LA Fires Hit Hollywood, 150K Evacuated

The inferno sweeping Los Angeles, the entertainment capital of the US, has leapt onto Hollywood Hills endangering fabled landmarks in the area on Thursday. 

Nearly 150,000 people were under evacuation orders on Wednesday night as the fires burnt down 7,000 hectares, killed at least five people and destroyed over 1,000 buildings, including houses of celebrities, places of worship and schools.

Hurricane-force winds on Tuesday sent the fires that started earlier this week on outer fringes of Los Angeles leaping across suburbs and neighbourhoods, finally reaching the Hollywood Hills by the time the winds slowed.

Los Angeles Police Chief Jim McDonnell said, "I've never seen anything like this -- fires driven by the type of winds that we saw, up to 100 miles per hour” (160 kmph). Readmore!

On Wednesday, the winds slowed helping the firefighters and allowing helicopters to douse the fires.

The area where Vice President Kamala Harris has her personal house was put under evacuation orders on Tuesday night because of impending danger, but no one was there, her spokesperson said.

Los Angeles is the hometown to US Ambassador to India, Eric Garcetti, who was its mayor.

The concentration of entertainment royalty multiplied several times the impact of the fires.
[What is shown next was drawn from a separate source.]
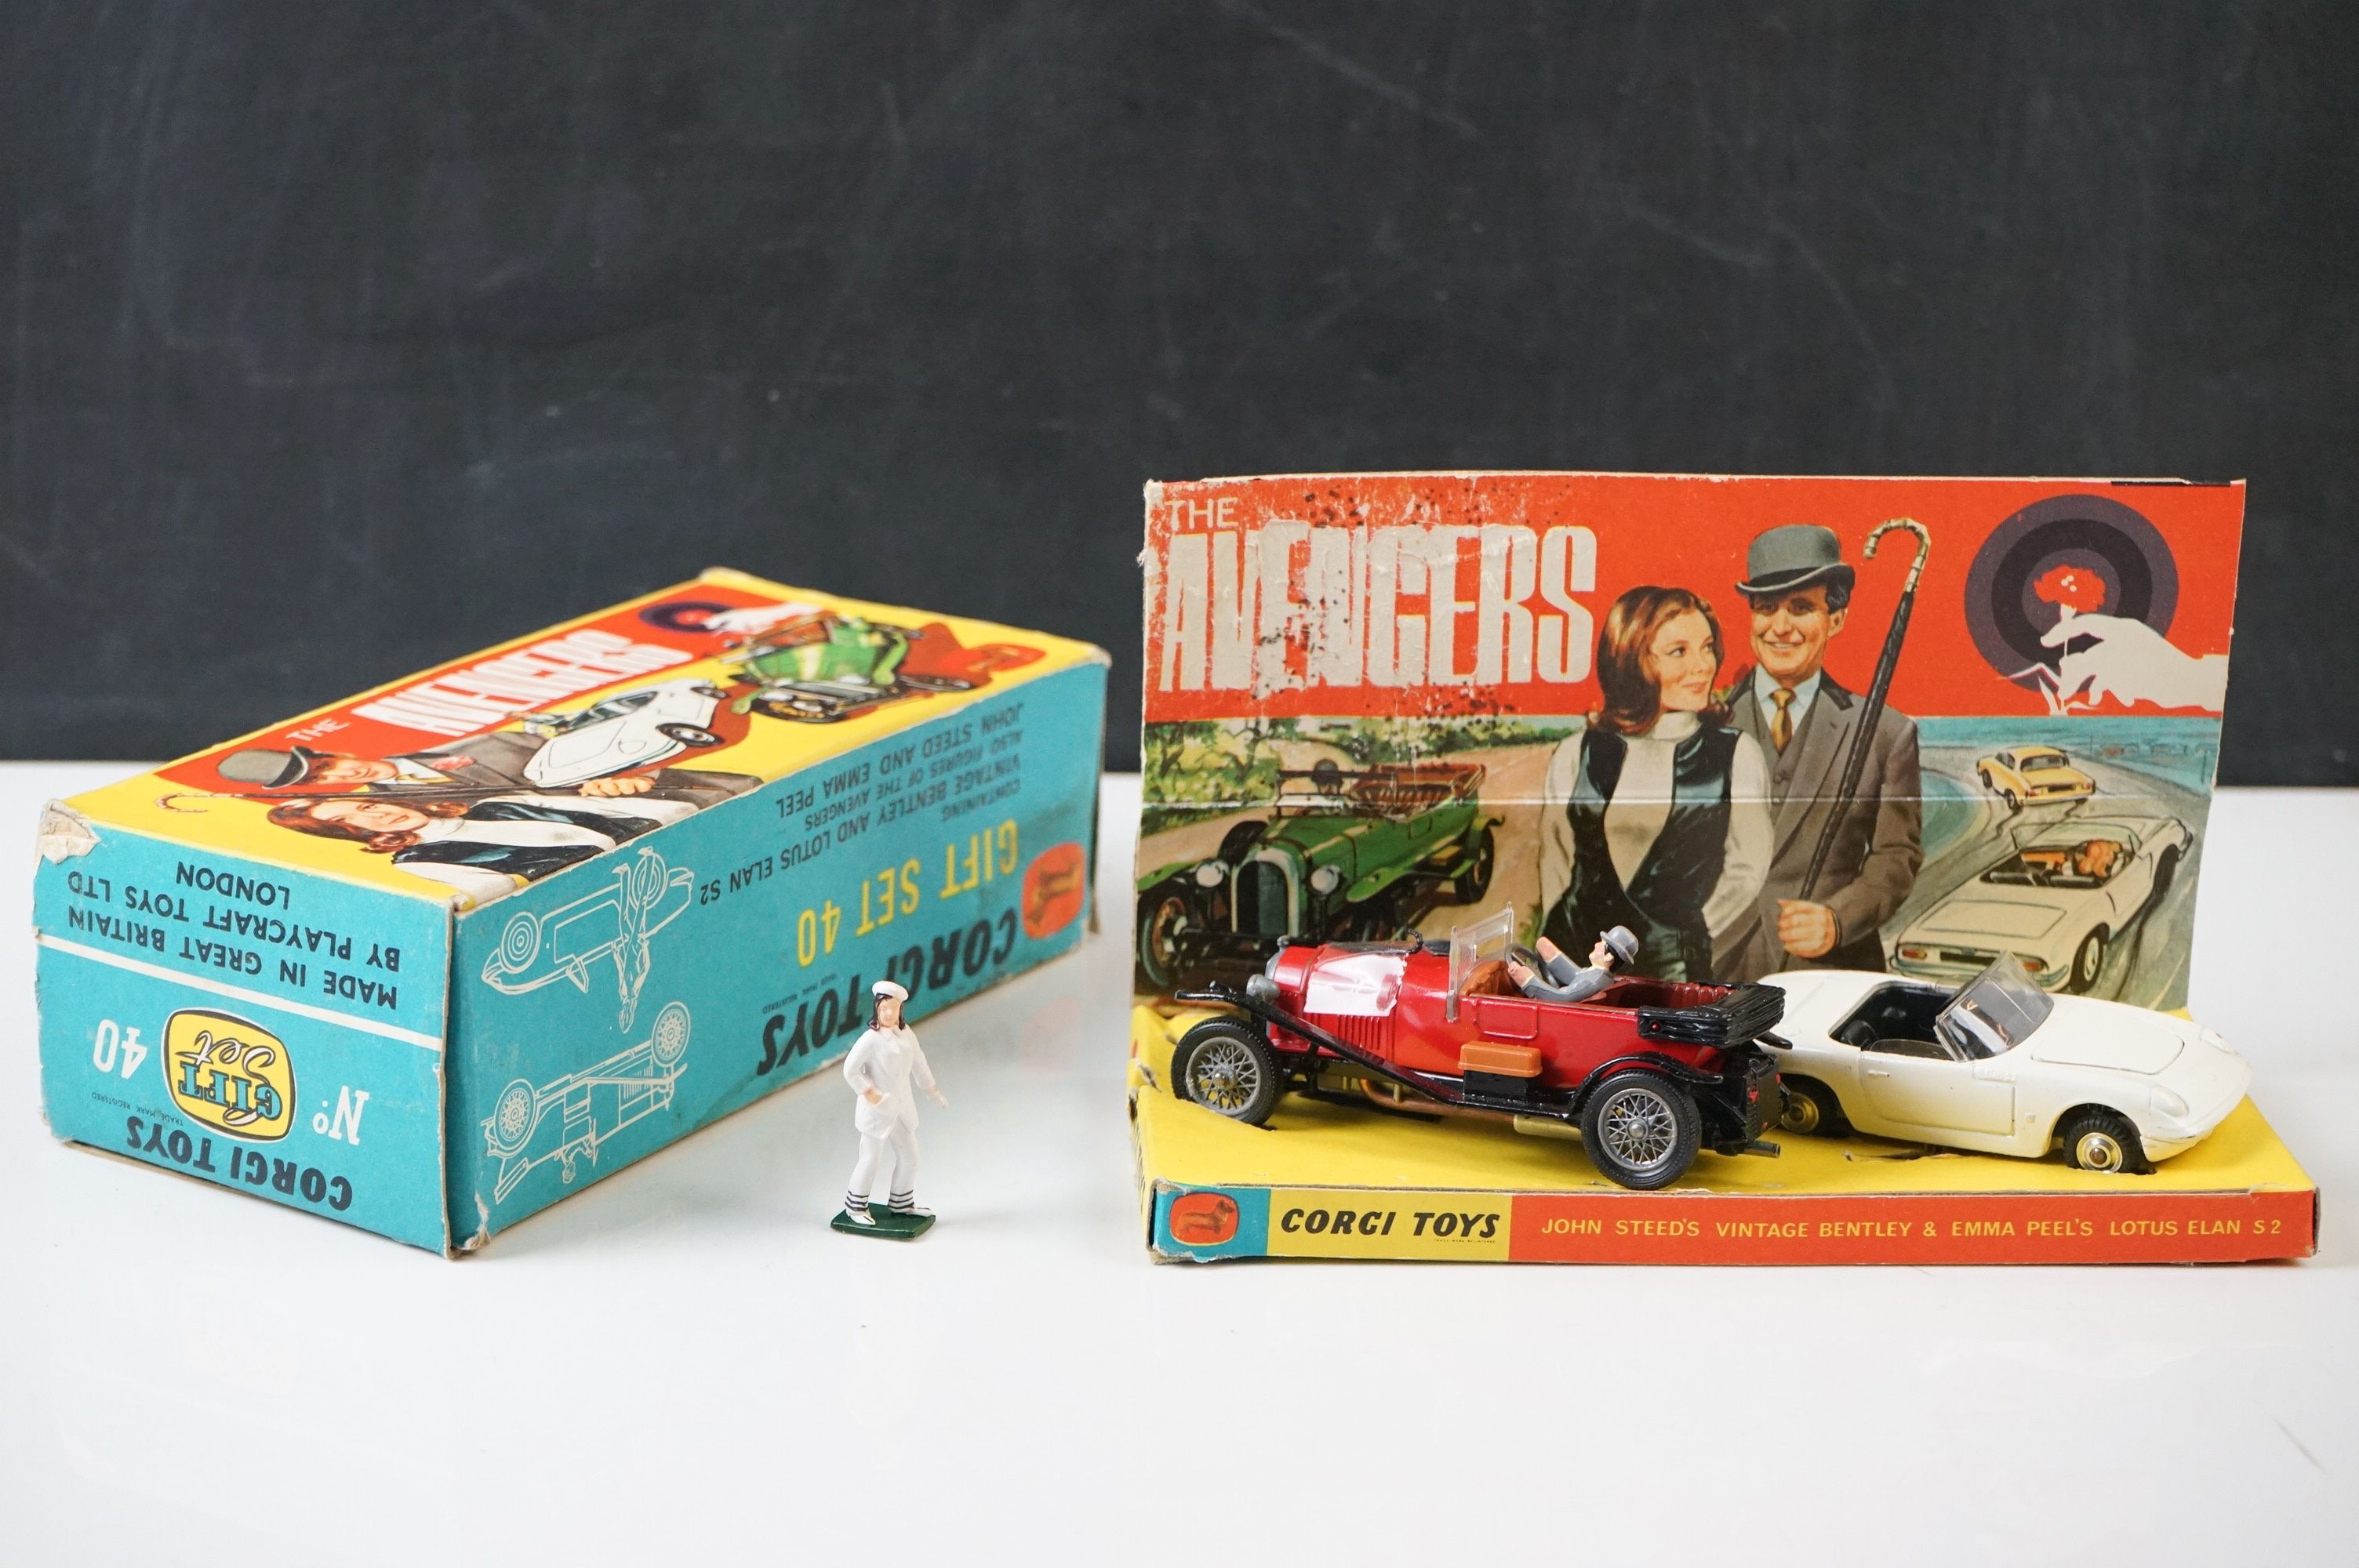 Boxed Corgi Gift Set 40 The Avengers Vintage Bentley and Lotus Elan S2, 2 x figures and 1 x

Singer Mandy Moore and celebrity socialite Paris Hilton lost their homes.

Director Steven Spielberg and actors Tom Hanks and Ben Affleck were among those with houses in the evacuation zones.

The studios were not directly damaged by the fires, but production came to a standstill.

A two-day extension was given for Oscar nominations because of the fire.

Southern California has had virtually no rain since May drying out the shrubbery turning them into tinder for the fires.

In scenes that could have come out of a Hollywood apocalyptic film, against a backdrop of orange fires lighting up hillsides, an exodus of people fleeing their homes by vehicles and even by foot clogged the streets, while helicopters flew overhead dropping water on the flames and firefighters and emergency workers raced, but sometimes barely managed to crawl through the chaotic traffic and the damaged roads.

Firefighters and National Guard across the region converged to join the fight.

After the fires had been doused in some neighbourhoods, people came back to the charred skeletons of homes.

Meanwhile, in a common feature of US tragedies, looters moved to the evacuated zones and police battled them.

The fire on the Hollywood Hill was a kilometre away Wednesday night from the Hollywood Hall of Fame and the Hollywood Bowl amphitheatre.

On Wednesday, President Joe Biden visited the area, stopping at a fire station in Santa Monica.

He said of the recovery, "It's going to be a hell of a long way, it's going to take time, but the federal government is here to stay as long as you need it and everything you need".

The fires were personal for him: He said that his son who moved to the region was ordered to evacuate, but his granddaughter gave birth to a son on Wednesday.

Biden cancelled a trip to Italy because of the fires.

At some places, fire hydrants ran dry, which local officials said was because of the unprecedented demand.

President-elect Donald Trump, though, blamed California's Democratic Governor Gavin Newsom for the water shortage.

In a Truth Social post he said that Newsom had refused to approve a "water restoration declaration" because he wanted to protect an endangered species of fish called smelt, rather than people, preventing South California getting enough water.

While not denying that the water projects had been stopped, Newsom's spokesperson said that such a declaration did not exist.

In a vivid illustration of how the fires with massive evacuation orders affect people, CBS TV reporters covering the fire rushed to evacuate their families or check in on them between their on-air reports, while the weather reporter brought her family to the studio after they had been ordered to evacuate their homes.

The people ordered to evacuate were sheltering in public buildings away from the fire zones.